Domain specificity is another recurring limitation. In cryptographic Rust, the off-the-shelf rust-security-extended.qls suite produced only two findings across 56 compiled samples, both judged false positives, जबकि a crypto-specific analyzer found vulnerabilities in 57.1% of the same compiled population; the authors therefore treat CodeQL as a useful negative control rather than a sufficient validator for AEAD misuse (Elsayed et al., 29 Apr 2026). In Go cryptographic API misuse detection, built-in CodeQL support covered 5 of 14 misuse classes and produced 256 detections across 328 projects; the study highlights CodeQL’s semantically rich handling of some cases, such as SSH host-key validation and JWT verification, but concludes that it is insufficient as a standalone detector when broad out-of-the-box coverage is required (Andersson et al., 27 Apr 2026).
A plausible implication is that CodeQL’s limiting factor is often not the underlying relational engine but the availability, specificity, and maintenance of models and queries.
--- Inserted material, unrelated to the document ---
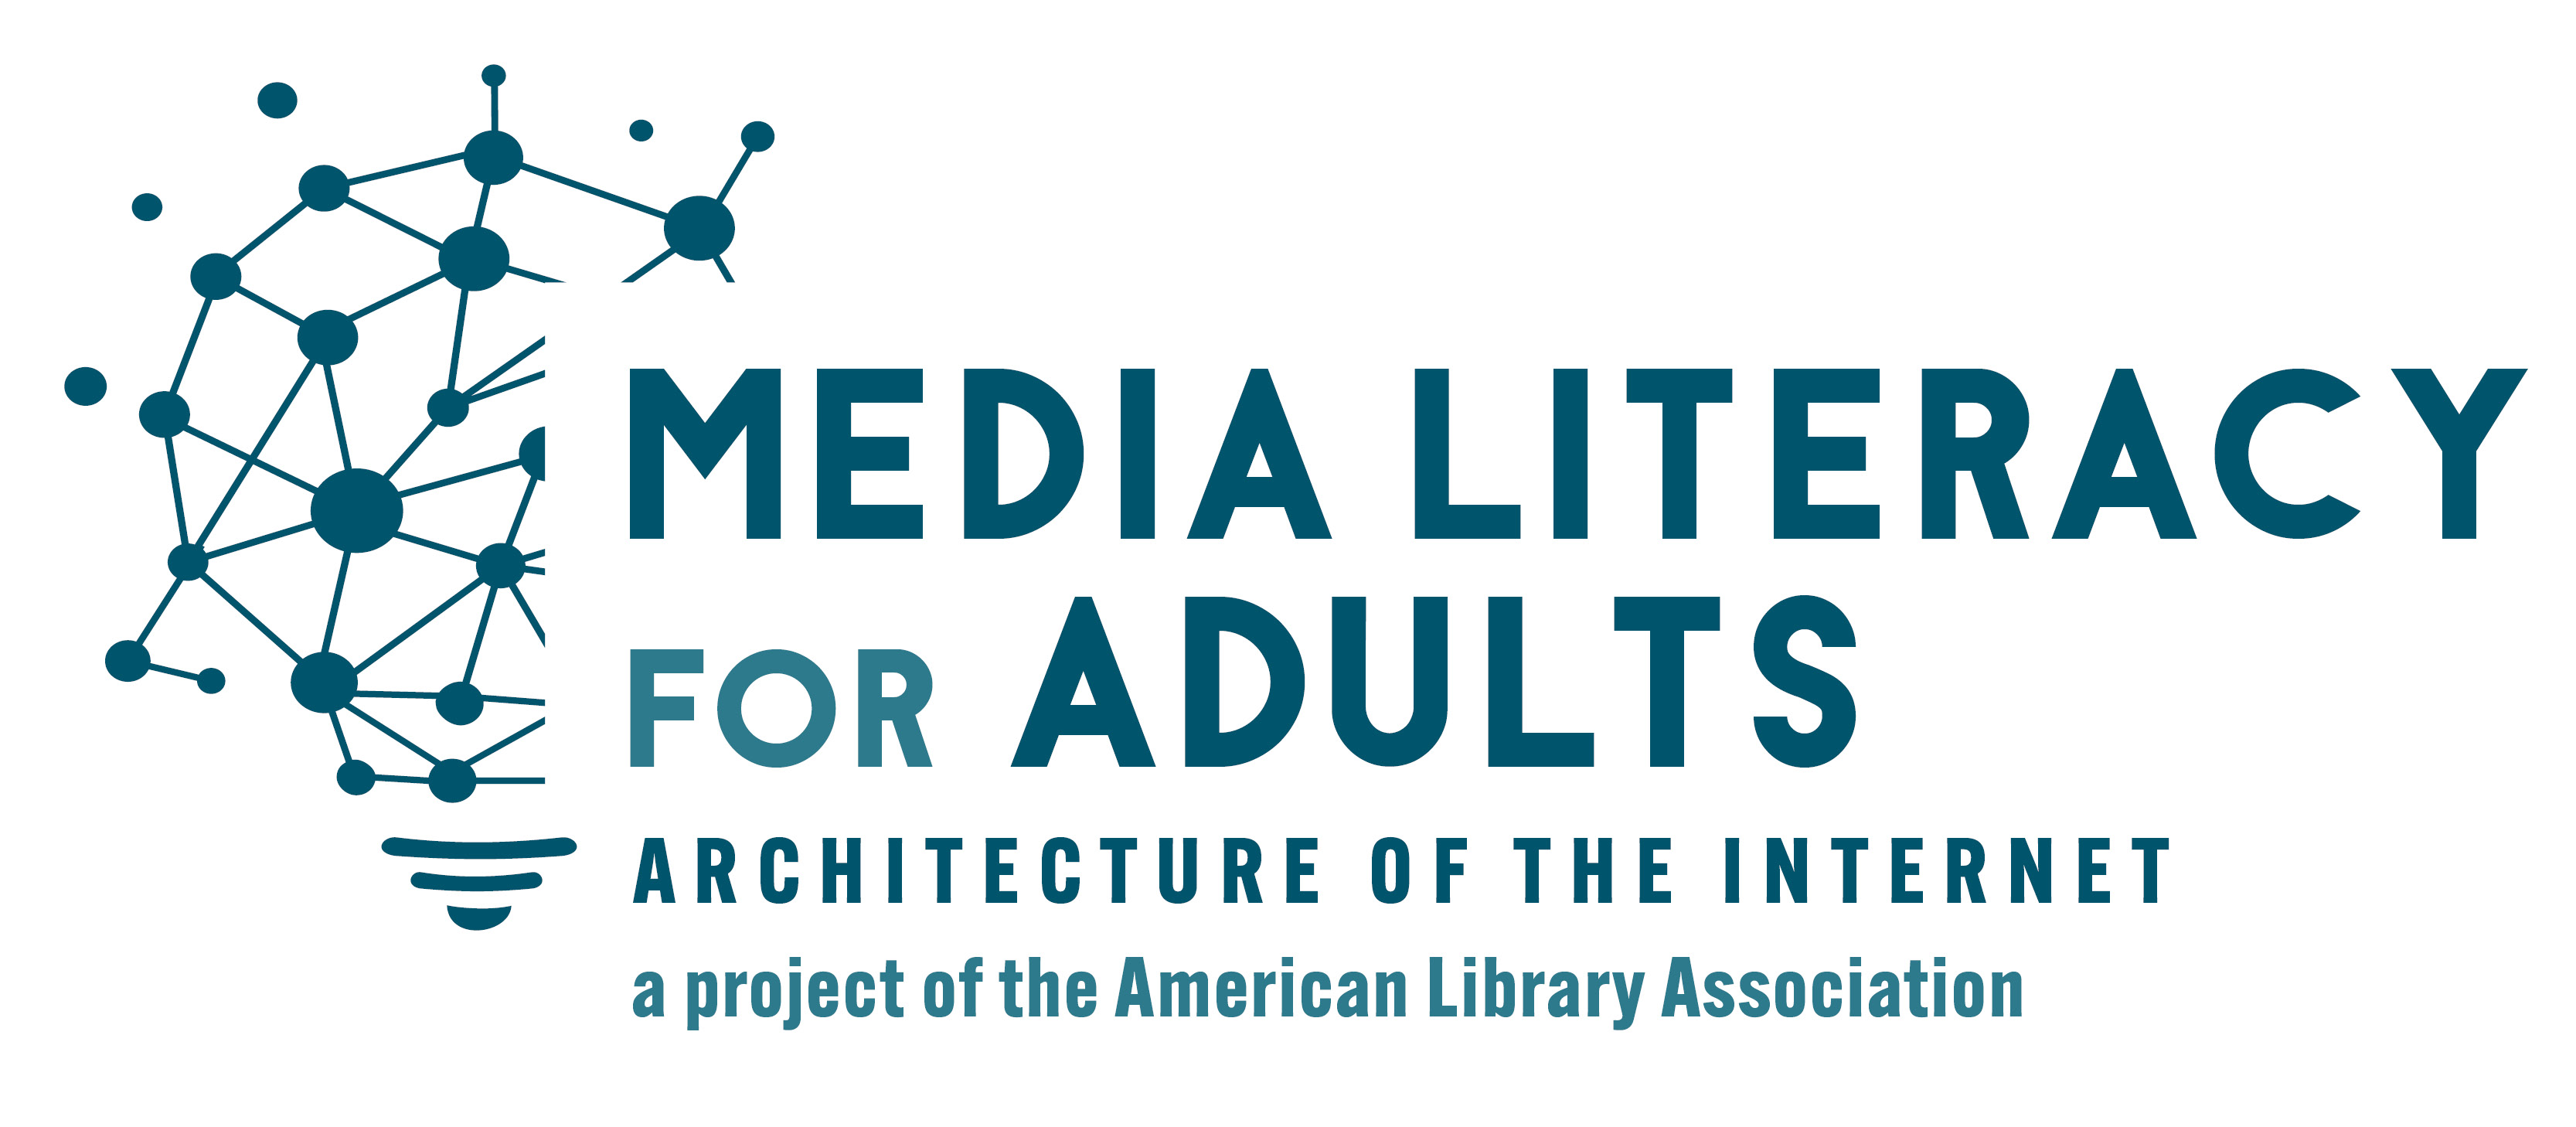 Illustration of a lightbulb. Text reads: Media Literacy for Adults: Architecture of the Internet a project of the American Library Association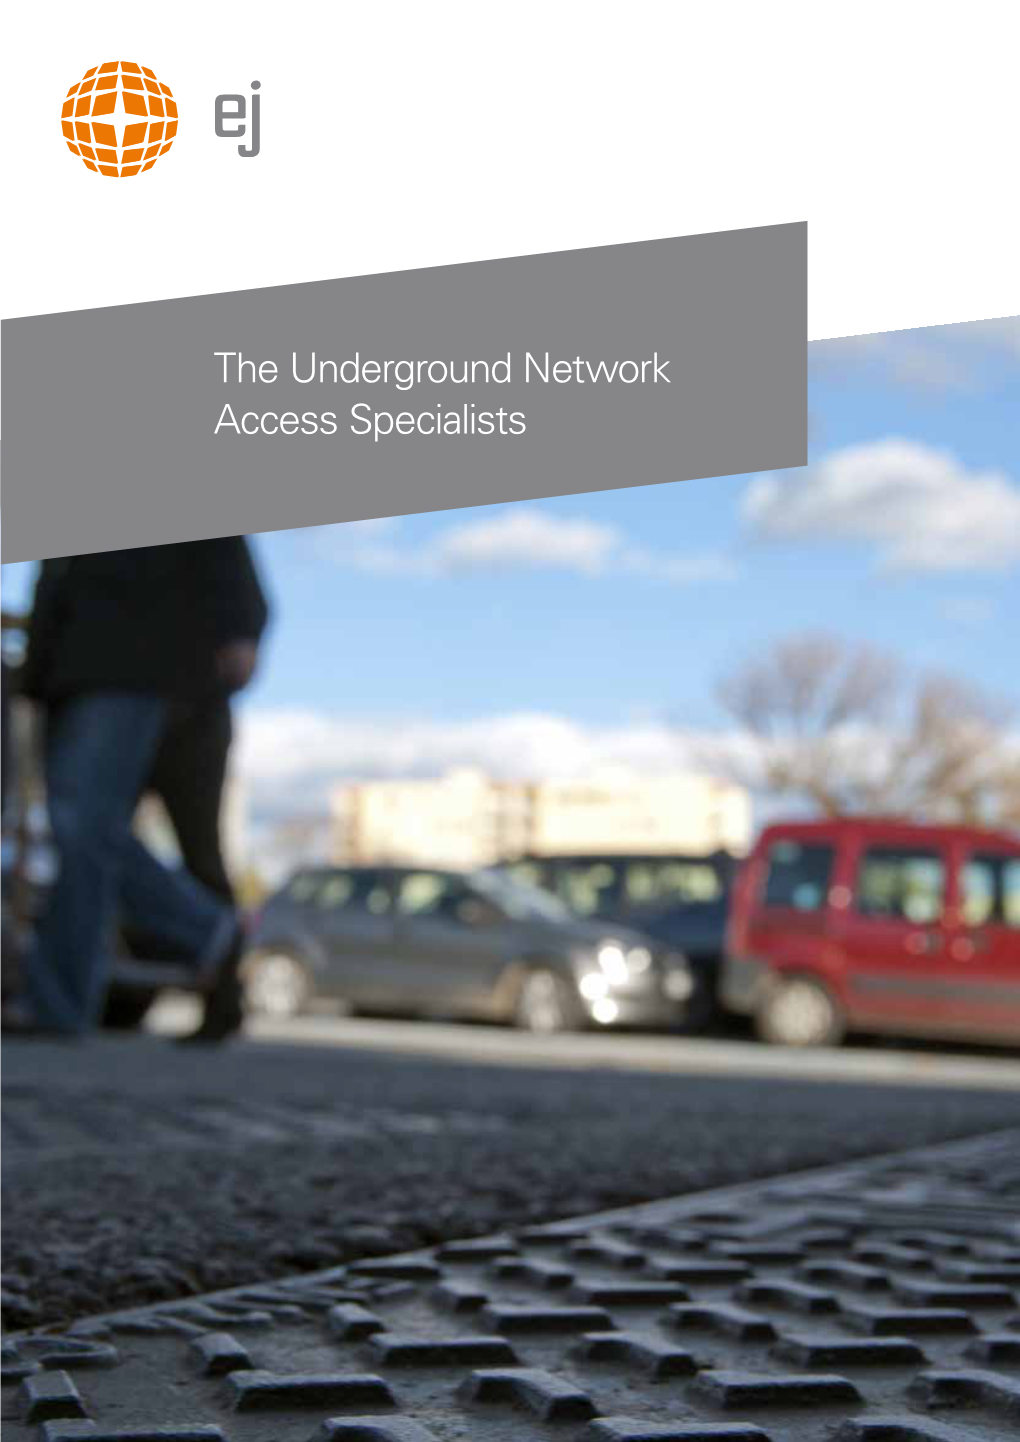 The Underground Network Access Specialists

This interpretation is explicitly advanced in work such as IRIS, QLPro, MemHint, SemTaint, and QLCoder, all of which keep CodeQL as the execution substrate while attacking the bottleneck of specification engineering (Li et al., 2024, Hu et al., 30 Jun 2025, Huang et al., 28 Mar 2026, Ghebremichael et al., 15 Jan 2026, Wang et al., 11 Nov 2025). Another plausible implication is that future CodeQL research will continue to move in two directions at once: tighter developer-facing deployment mechanisms, such as incremental evaluation for pull requests, and richer query/model generation mechanisms, increasingly driven by retrieval, language servers, counterexample-guided repair, and neuro-symbolic validation (Szabó, 2023, Wang et al., 11 Nov 2025).